• **THE TASK**
From first line to last, copy the listing exactly and omit its pictures.

• **RECORDED INFORMATION**
>>

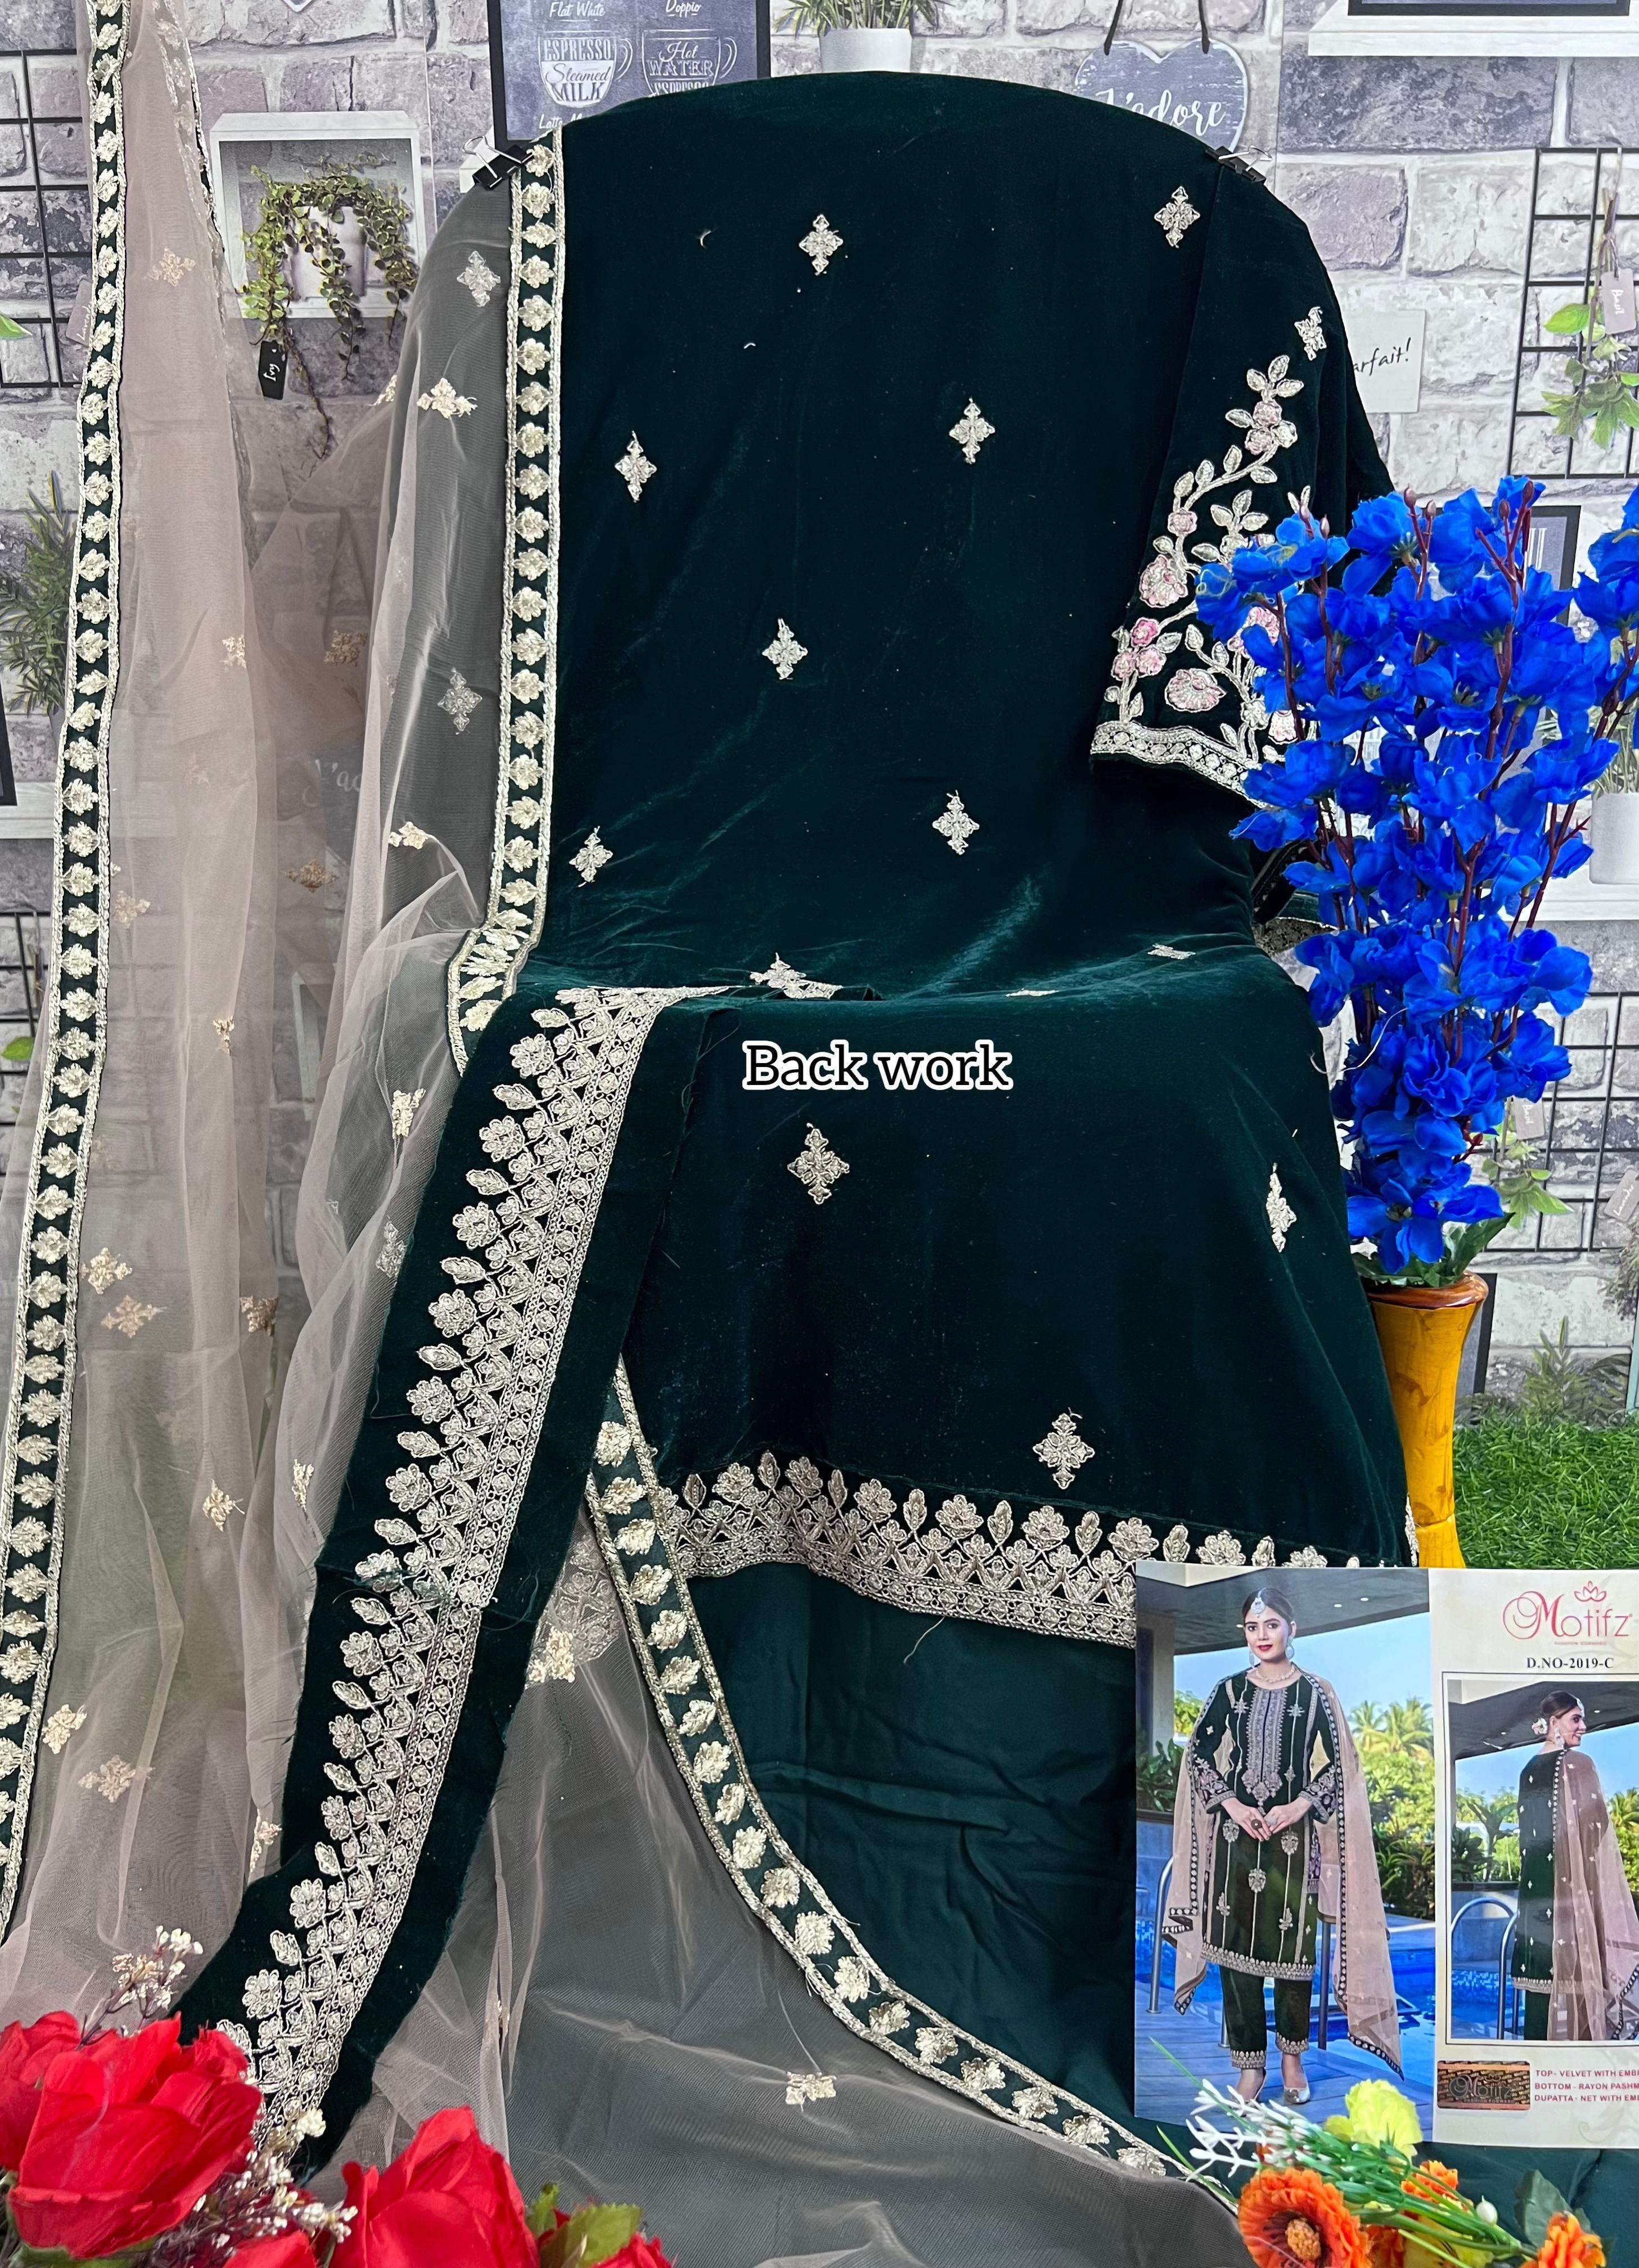 motifz 2019 colour series latest wedding wear pakistani salwar kameez wholesaler price surat gujarat
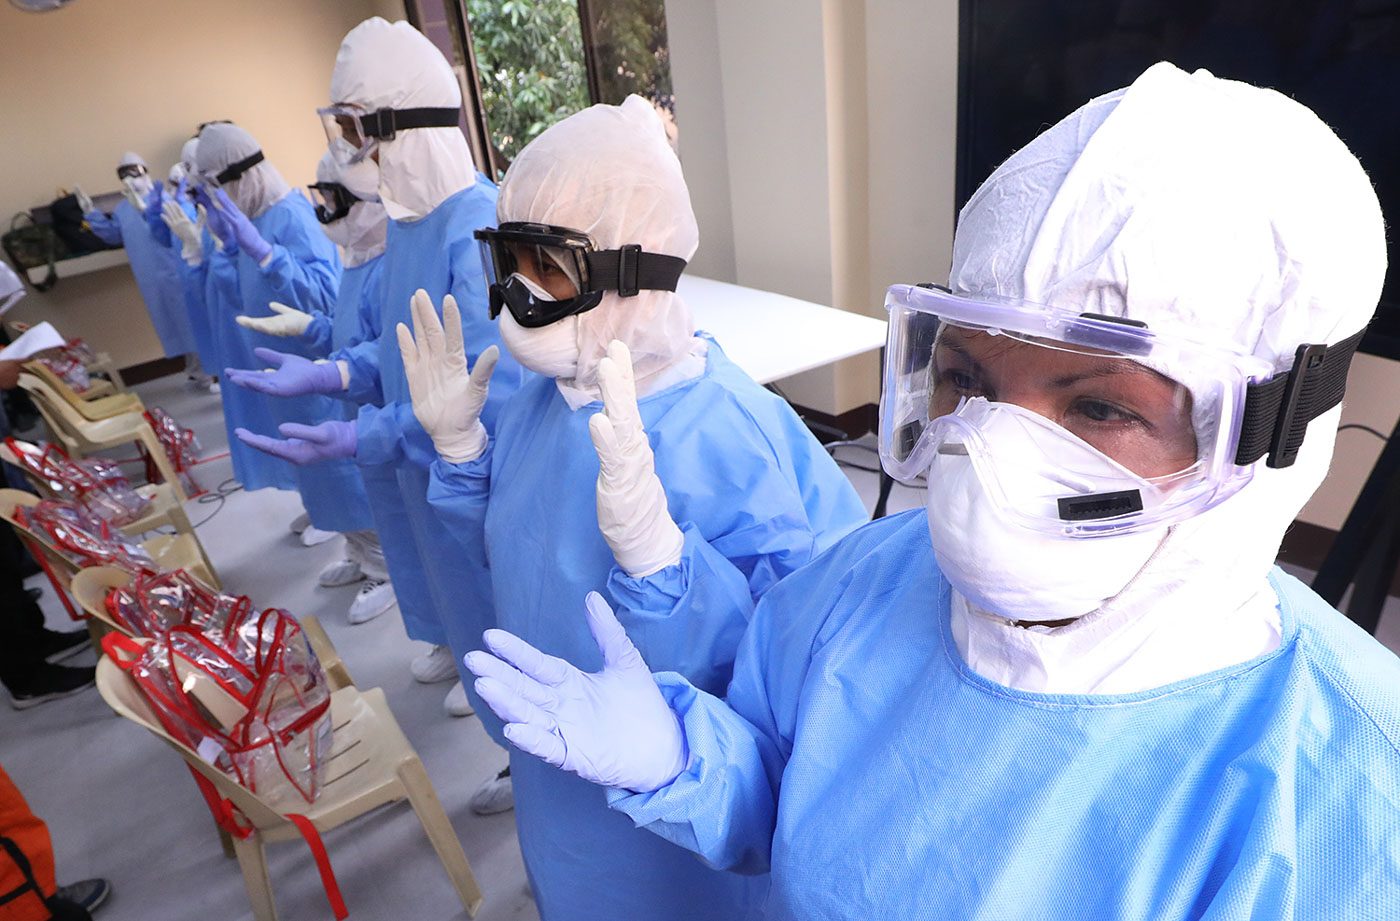 DOH assures hospitals of PPEs for coronavirus response
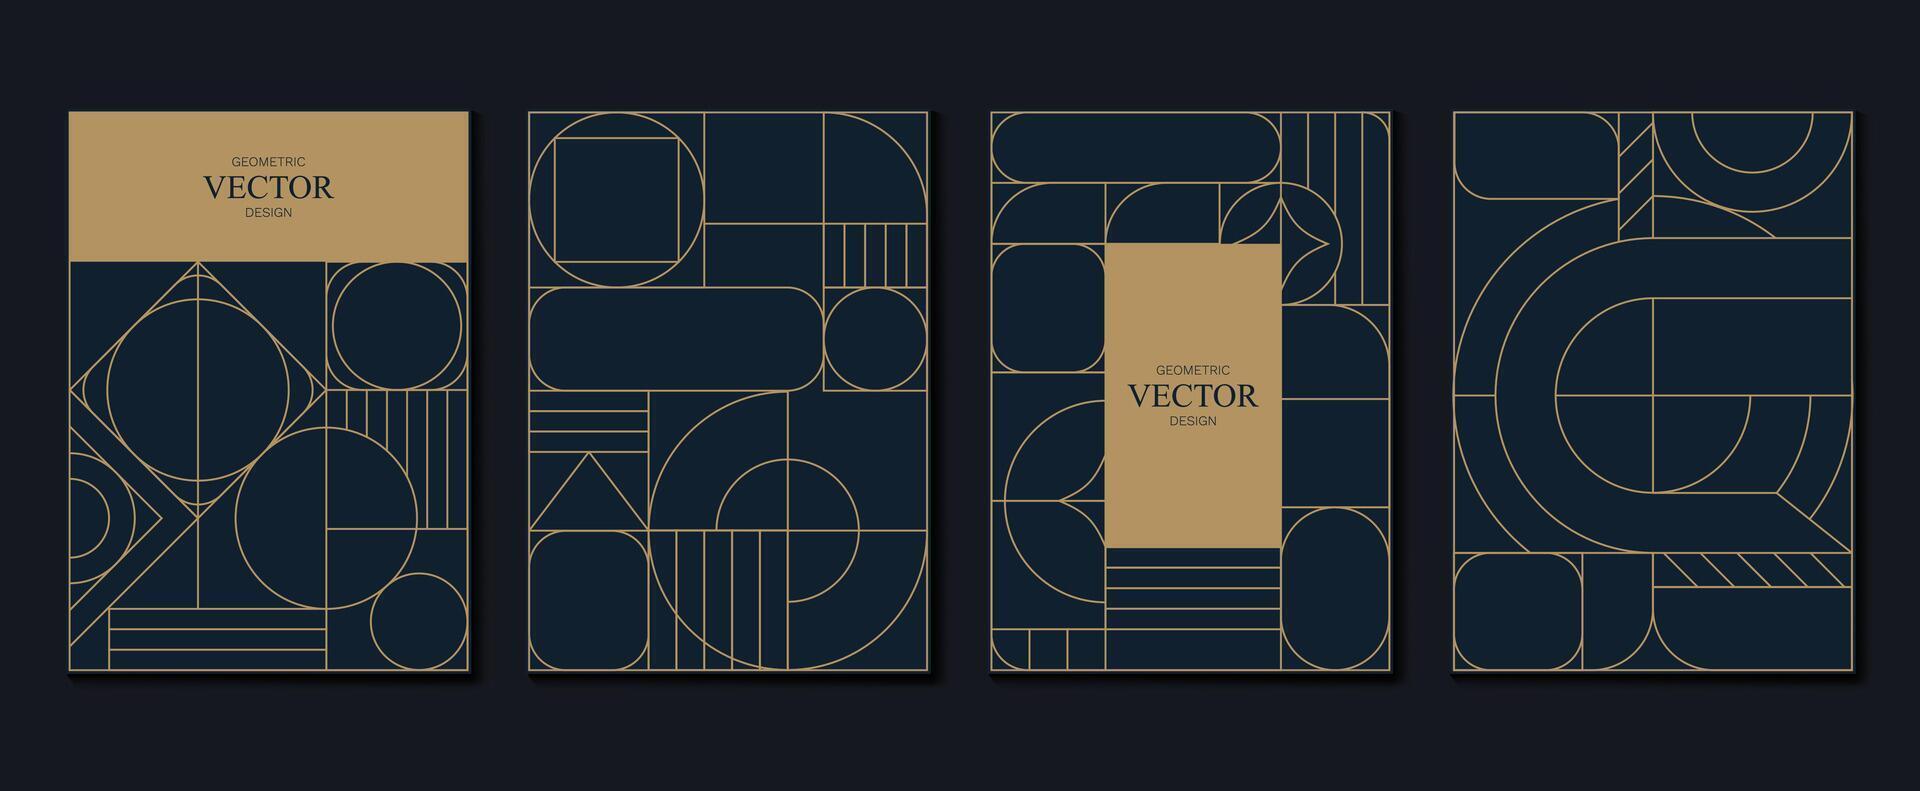 Geometric line pattern poster design . Set invitation card of abstract art decor design on dark blue background. Use for wedding invitation, cover, VIP card, print, gala, wallpaper. vector
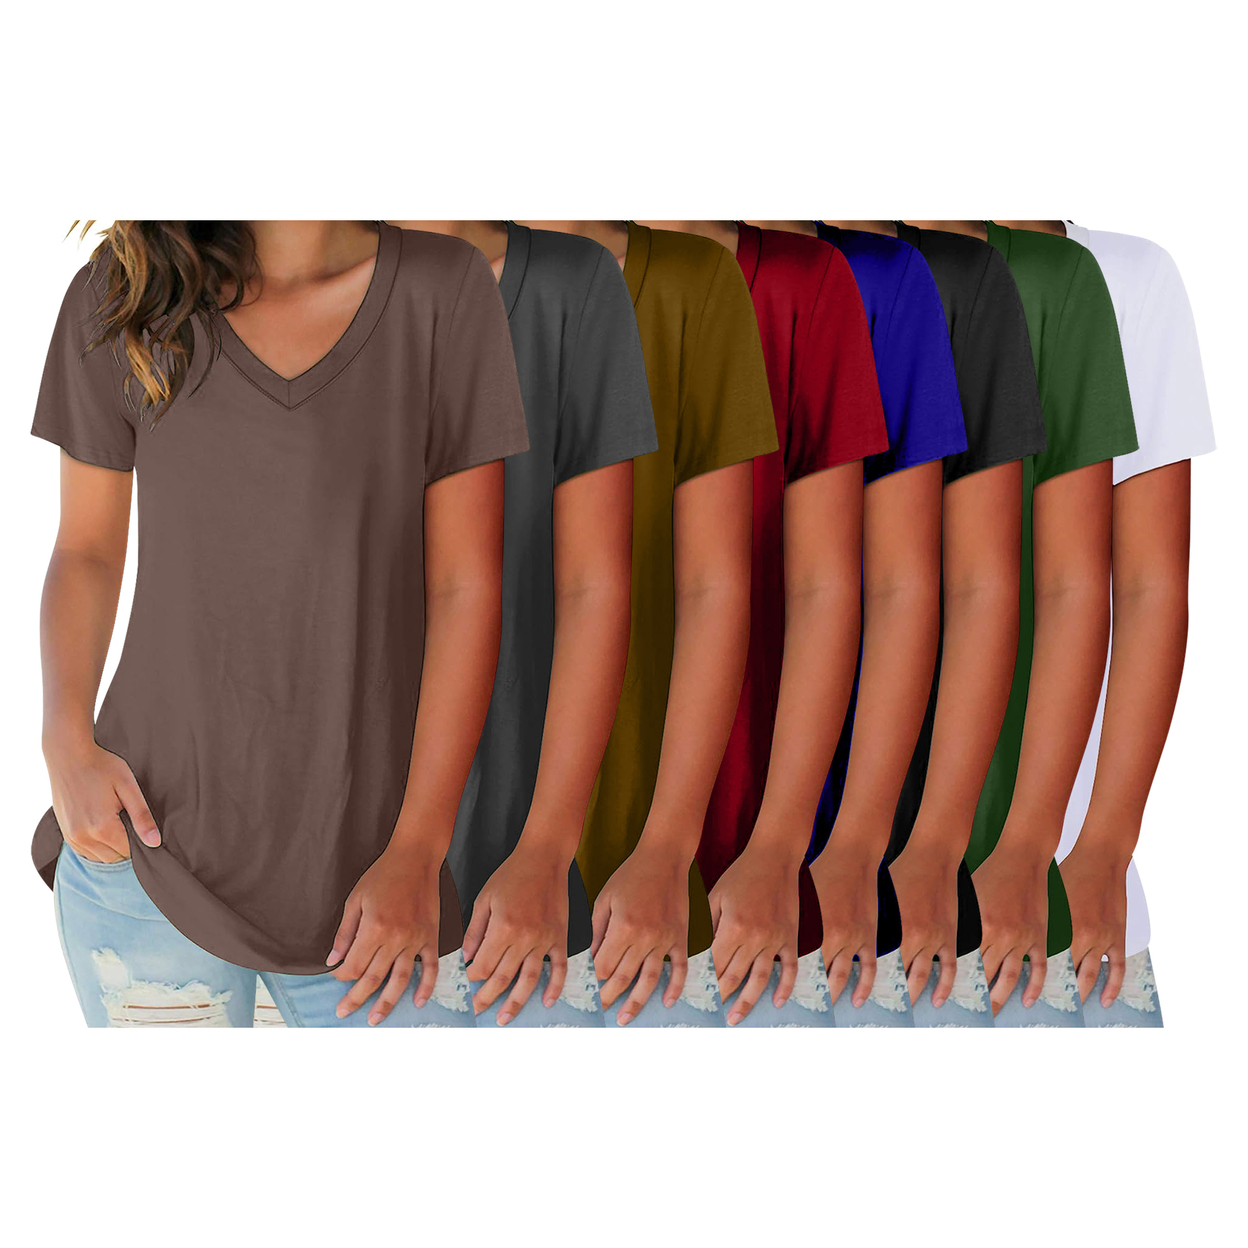 2-Pack: Women's Ultra Soft Smooth Cotton Blend Basic V-Neck Short Sleeve Shirts - Navy & Green, Medium

<<

• **REPLY**
 motifz 2019 colour series latest wedding wear pakistani salwar kameez wholesaler price surat gujarat
 DOH assures hospitals of PPEs for coronavirus response
 Geometric line pattern poster design . Set invitation card of abstract art decor design on dark blue background. Use for wedding invitation, cover, VIP card, print, gala, wallpaper. vector
 2-Pack: Women's Ultra Soft Smooth Cotton Blend Basic V-Neck Short Sleeve Shirts - Navy & Green, Medium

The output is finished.